During the past decade, an increasing number of population is now living inside Wildland-Urban Interface (WUI), a high-risk zone of wildfire. Such trend is the most prominent in California amid the housing crisis caused by a significant increase of population and a shrinking availability of homes. As a result, real estate companies started to develop in suburbs closer to the wild that  historically possesse a population density, which is referred to as **Wildland-Urban Interface (WUI)**. 

The sprawling into the wild caused by such trend now puts more people at a greater exposure of high wildfire risk. Under a projected increase of wildfire occurrence caused by climate change, these people will eventually face even greater wildfire risk than present. A recent [New York Times story](https://www.nytimes.com/interactive/2022/09/09/climate/growing-wildfire-risk-homes.html) visualized the sprawling into the WUI.

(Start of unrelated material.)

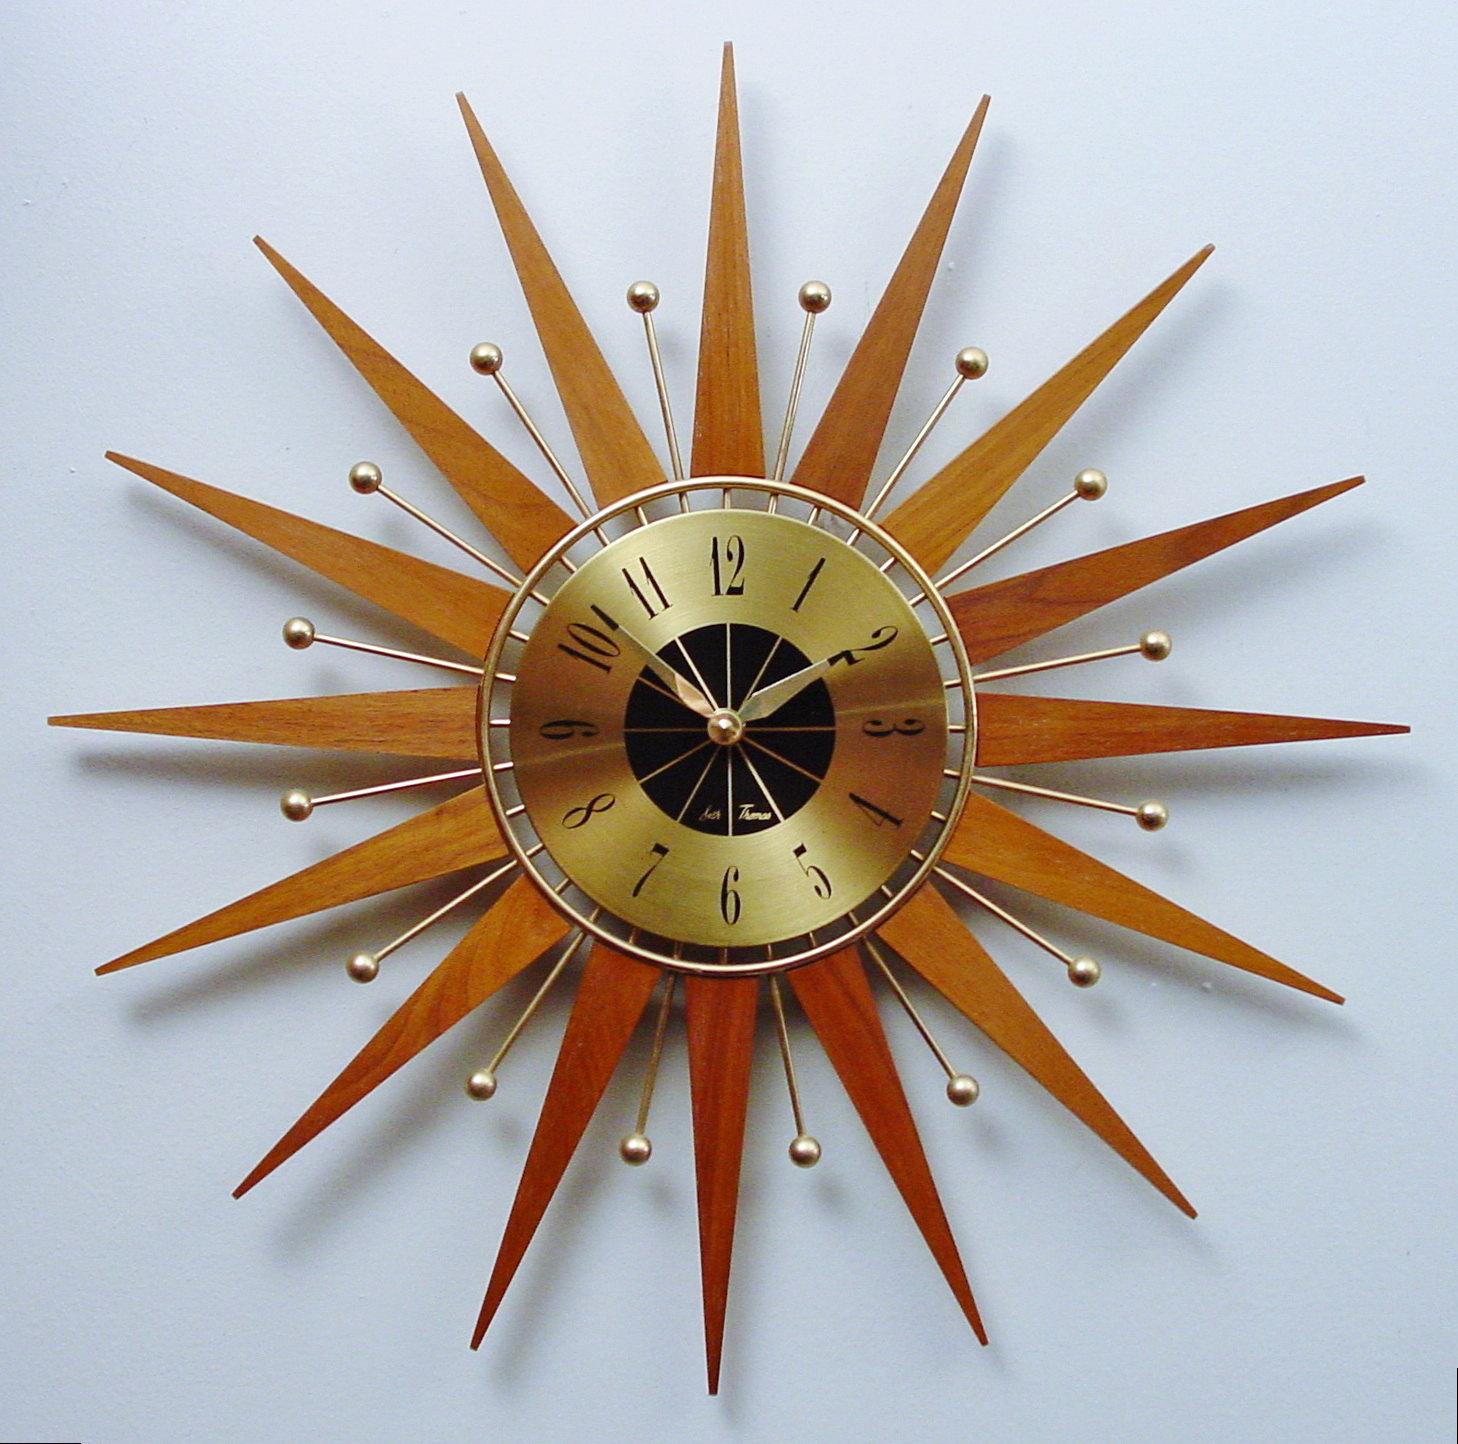 River City Clocks Wine Theme Glass Wall Clock

We will perform a retrospective analysis to investigate what are the drivers of the population increase inside California's WUI during the past decade. This is **NOT** a time series related problem as the degree of population change has been already computed and will be used as the target variable.

### **Source of Data**
- **Target variable**
  - The magnitude of population increase at the **census tract** level for California from 2010 to 2019.
  - Magnitude here is defined as the degree of increase computed using the yearly population estimates from [American Community Survey (ACS)](https://www.census.gov/programs-surveys/acs) by the U.S. Census Bureau.
  - **Note:** there is no need to apply time-series analysis as the **degree of increase** has already been prepared by authors from [this study](https://digitalcommons.chapman.edu/scs_articles/791/).
- **Features**
  - **Esri House Affordability Index at the census tract level**
    - Housing Affordability Index (HAI) measures the financial ability of a typical household to purchase an existing home in an area based on 
      - Share of Income to Mortgage
      - Median Household Income
      - Median House Price
    - **HAI = 100**: this area that on average has sufficient household income to qualify for a loan on a home valued at the median home price. 
    - **HAI > 100**: homes in this area are easily afforded by the average area resident. 
    - **HAI < 100**: homes are less affordable.
    - This metric is developed and computed at a various spatial levels, including the census tract level by [Esri](https://www.arcgis.com/home/item.html?id=a1263c2dcdf2464bbb7906821038eb2f)
  - **Household Income at the census tract level**
    - Maximum
    - Median
    - Minimum
  - **Rent-Own Ratio at the census tract level**
    - This metric is derived using the latest ACS data, which contains a lot of demographic metrics, including **% of people renting** and **% of people owning**
  - **Wildfire Hazard Potential**
    - This metric is derived as an image service by [U.S. Forest Service Fire Lab](https://www.firelab.org/project/wildfire-hazard-potential)
    - Authors of [this work](https://digitalcommons.chapman.edu/scs_articles/791/) have already preprocessed this dataset to obtain a census tract level data for analysis
  - **Wildfire Risk to Homes**
    - A measure that integrates wildfire likelihood and intensity with generalized consequences to a home
    - This metric is derived as an image service by U.S.Forest Service [Wildfire Risk to Community Project](https://wildfirerisk.org/download/)
    - **Data preparation pending to obtain census tract level data**
  - **Change of Road Density from 2010 to 2019 at the census tract level**
    - Primary and Secondary Roads will be included in the data
    - Data can be prepared based on Primary and Secondary Roads from U.S. Census [TIGER Shapefile](https://www.census.gov/cgi-bin/geo/shapefiles/index.php?year=2010&layergroup=Roads) from 2010 to 2019
      - Road density will be computed for each census tract for each year from 2010 to 2019
      - Magnitude of change will be calculated based on the yearly data

###**Type of Problem**

- Since the target variable is the magnitude of population increase for each census tract inside California's WUI during the past decade, this is a **Regression** problem.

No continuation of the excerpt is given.